# Buzz in JCA20H?



## Emohawk (Feb 3, 2006)

Hey folks,

I picked up a JCA20H when they first came available when the intro pricing deal was still on. Neat little amp, but I do have one issue with buzz somewhere in the pre-amp (I think). The buzzing is there even without a guitar or cable plugged in. It's not 60hz hum. It's a higher pitched buzz, which is why I think it may be a pre-amp gound or interference somewhere in the front end. I've swapped the tubes, tried different cables/guitars, etc with no effect. 

Has anyone else had the same issue? Just wondering if it's something common in the layout/design or if I may have a cold solder in a ground somewhere.

I did clean up the wiring in the power/HT section & the OT primaries/secondaries. Man - talk about spaghetti! Ridiculously long runs in the AC & B+ lines, OT primaries untwisted & bundled with the OT B+, heater secondaries untwisted, etc. Also the folks who assembled the thing seem to think more solder = better. I'm sure I sucked out enough to build another amp just in the half dozen connections I re-did. After tidying things up the noise floor seems to be a bit lower, and it certainly looks more civilized in there.
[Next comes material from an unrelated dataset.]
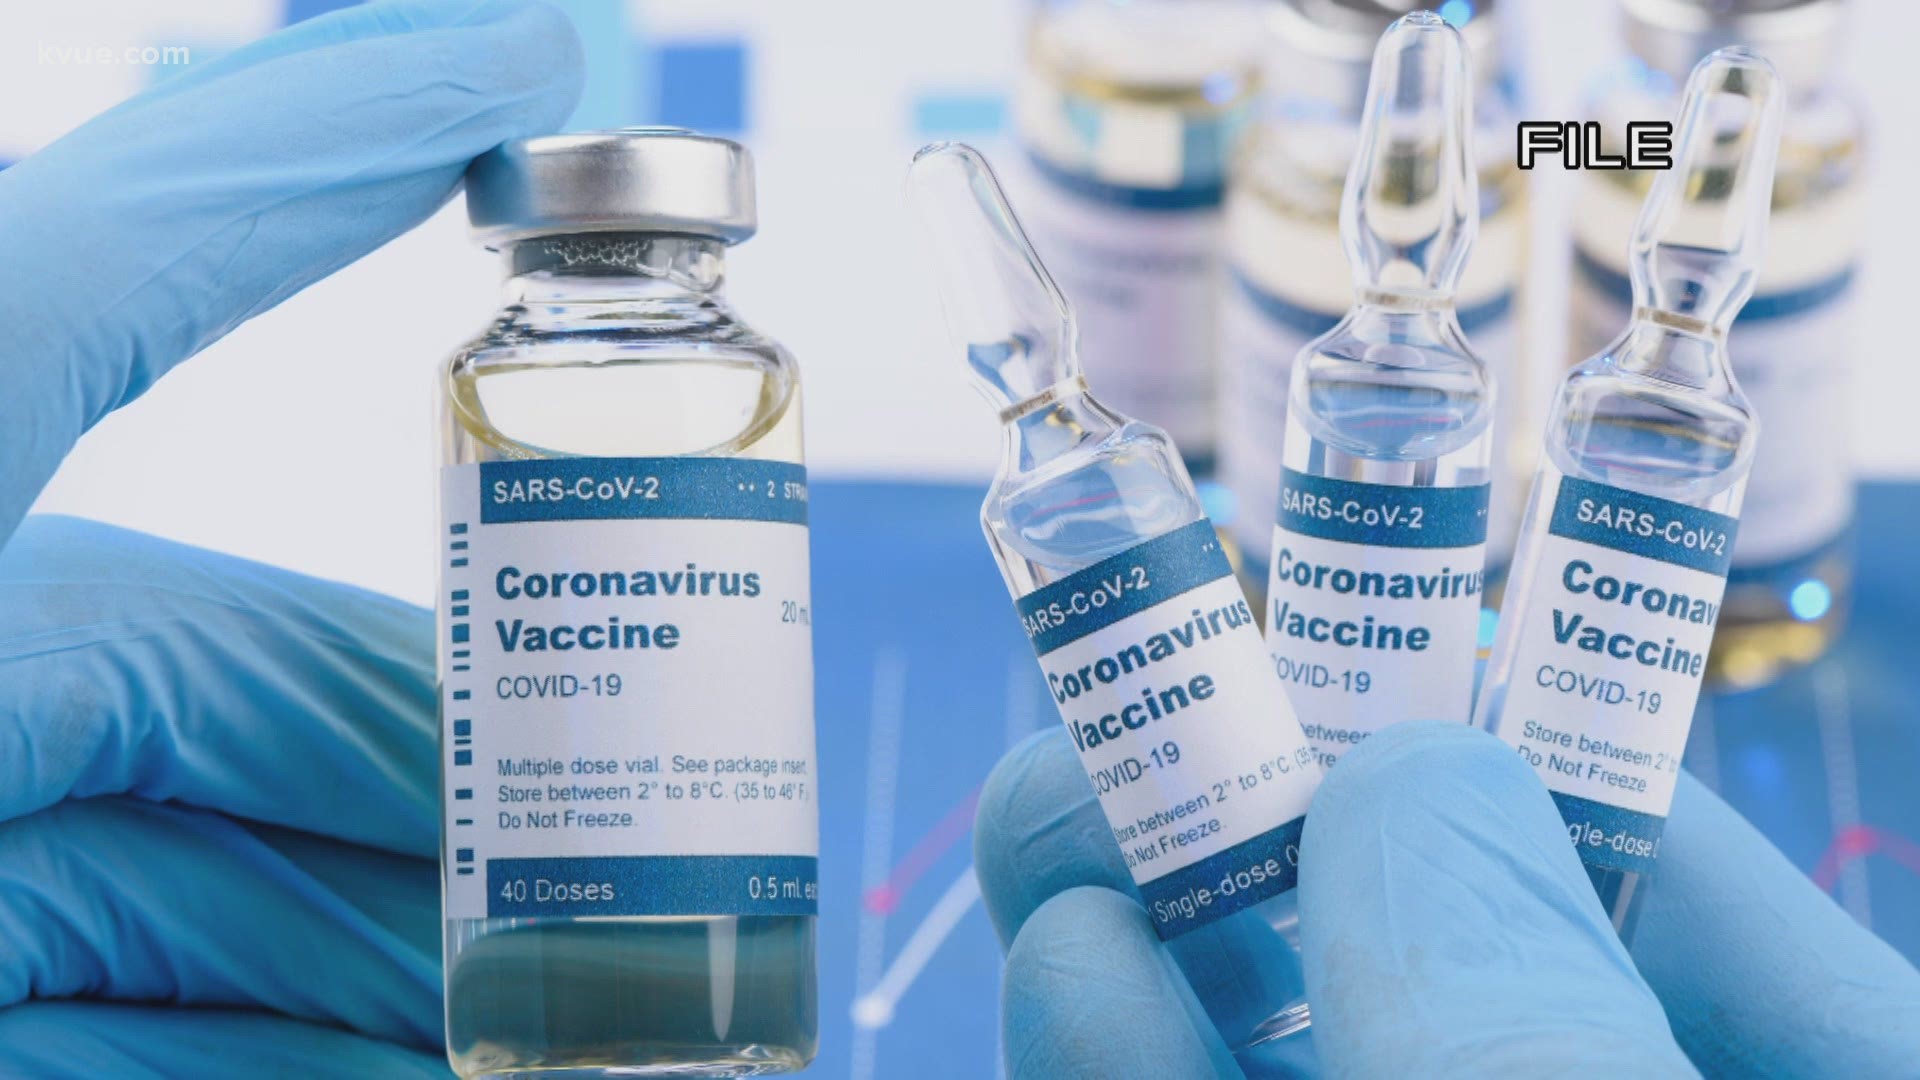 The CEO of Austin-based Benchmark Research says he is optimistic a coronavirus vaccine could soon go to the FDA for emergency authorization.
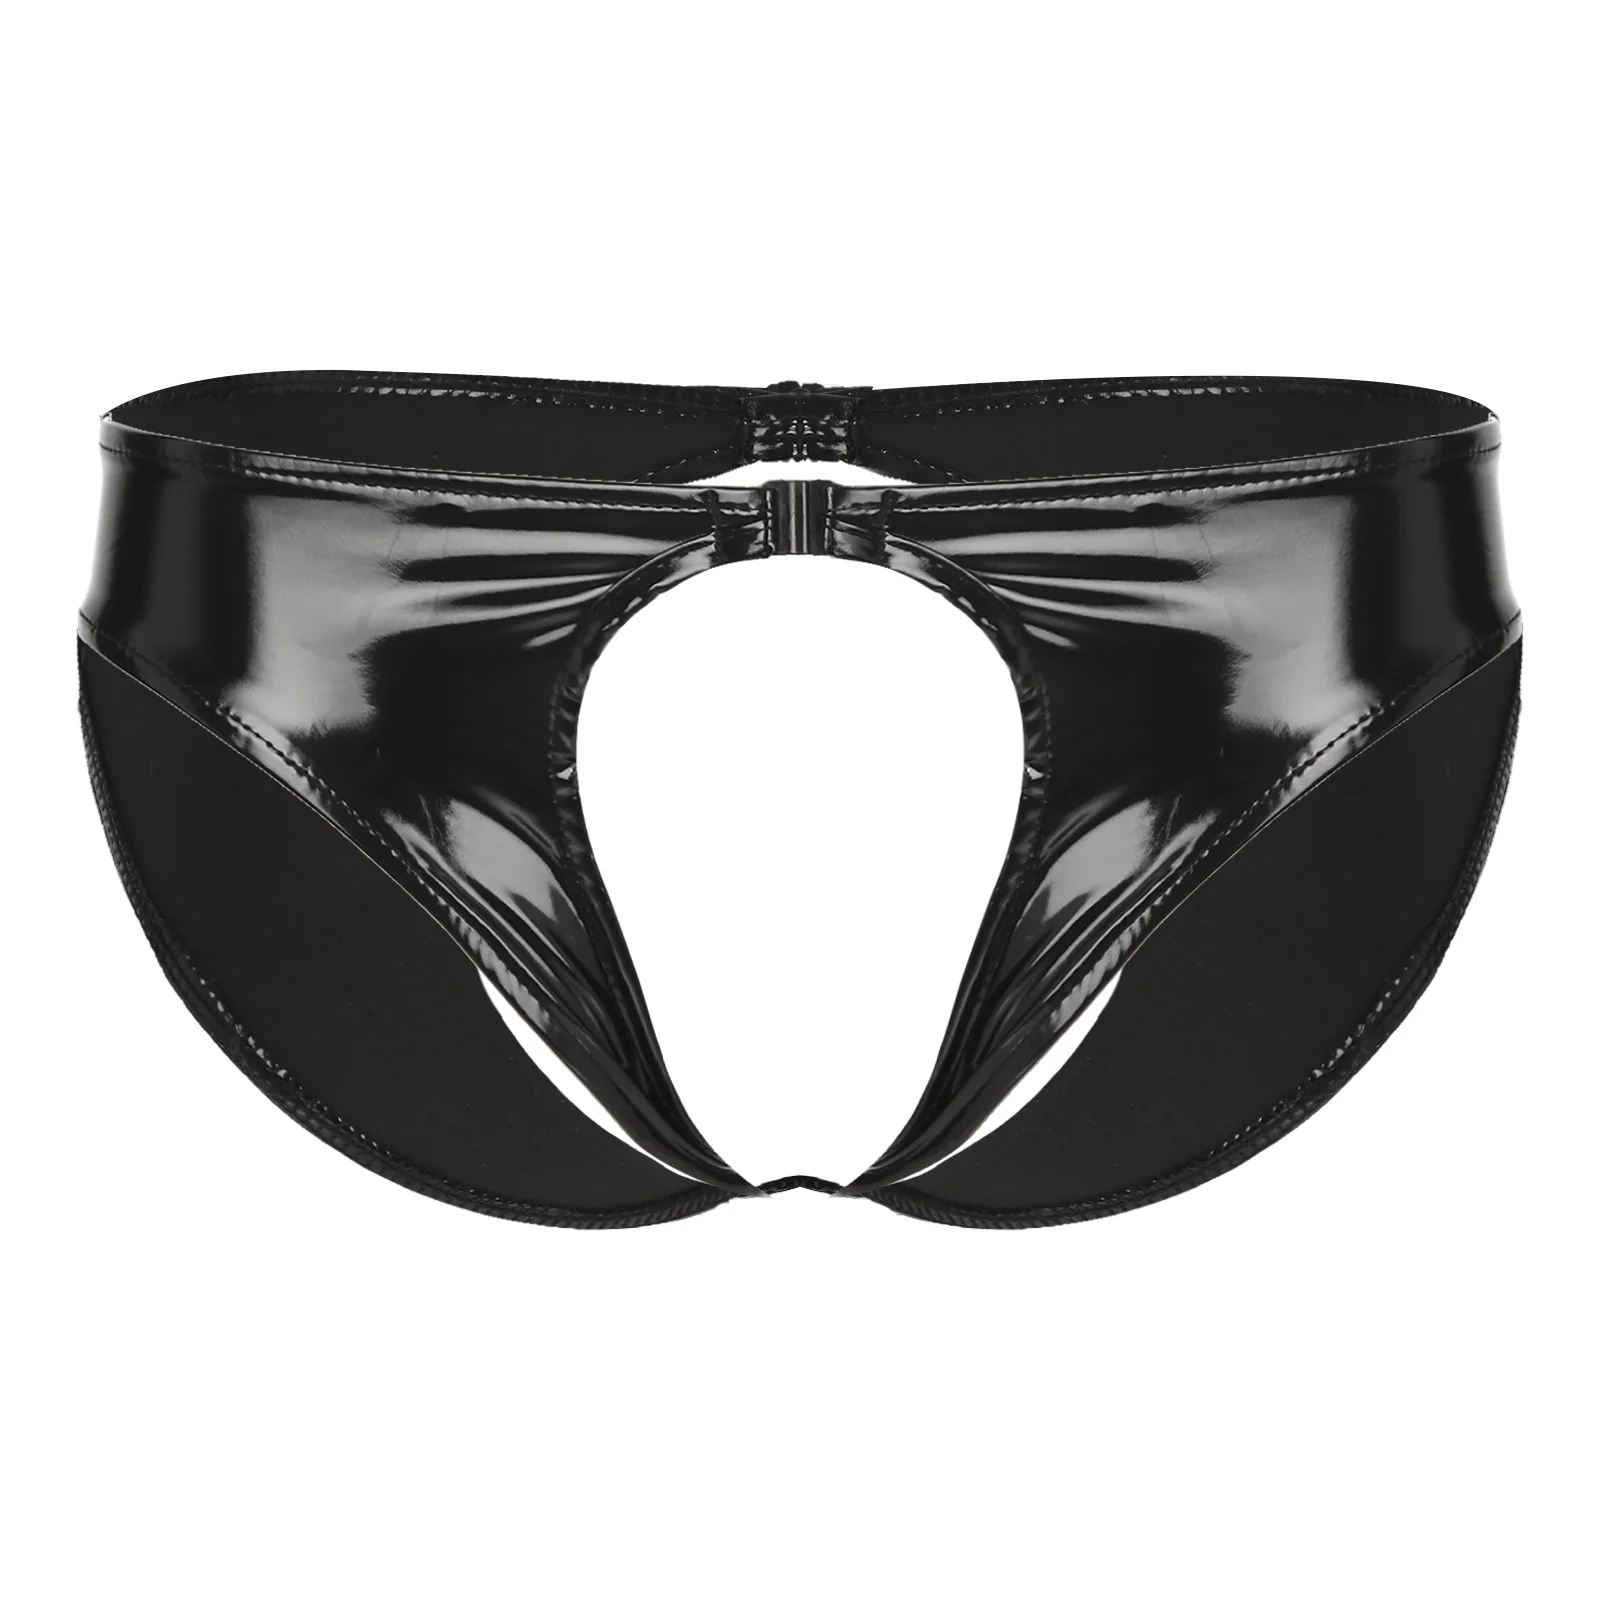 

Mens Lingerie Low Waist Open Butt Briefs Cutout Underwear Open Crotch Sissy Panties Wet Look Patent Leather Crotchless Thongs

They also used a common ground for the pre-amp & power amp, which I don't personally like. I prefer to have a separate pre-amp ground on the opposite end of the chassis. In the amps I've built that seems to help with noise/hum. Not sure if I can easily change that. They also grounded the AC to the same ground point as everything else, and that I'm definately going to change. I thought it was a North American standard to have a separate ground point for the incoming AC?

Thanks,
Kirb


----------



## Greg Ellis (Oct 1, 2007)

I'd love to see some before and after shots, or even just "afters", if you feel up to it.


----------



## Emohawk (Feb 3, 2006)

I don't have a before, but here's an after. There was so much wiring on the left that you couldn't see the chassis underneath. Looking at the scrap on my desk that I cut out, I'd say it's 4-5 feet of wire hacked out. I could probably shorten the orange/yellow for the PT primaries too. Don't know why I didn't do that... It's done now!


----------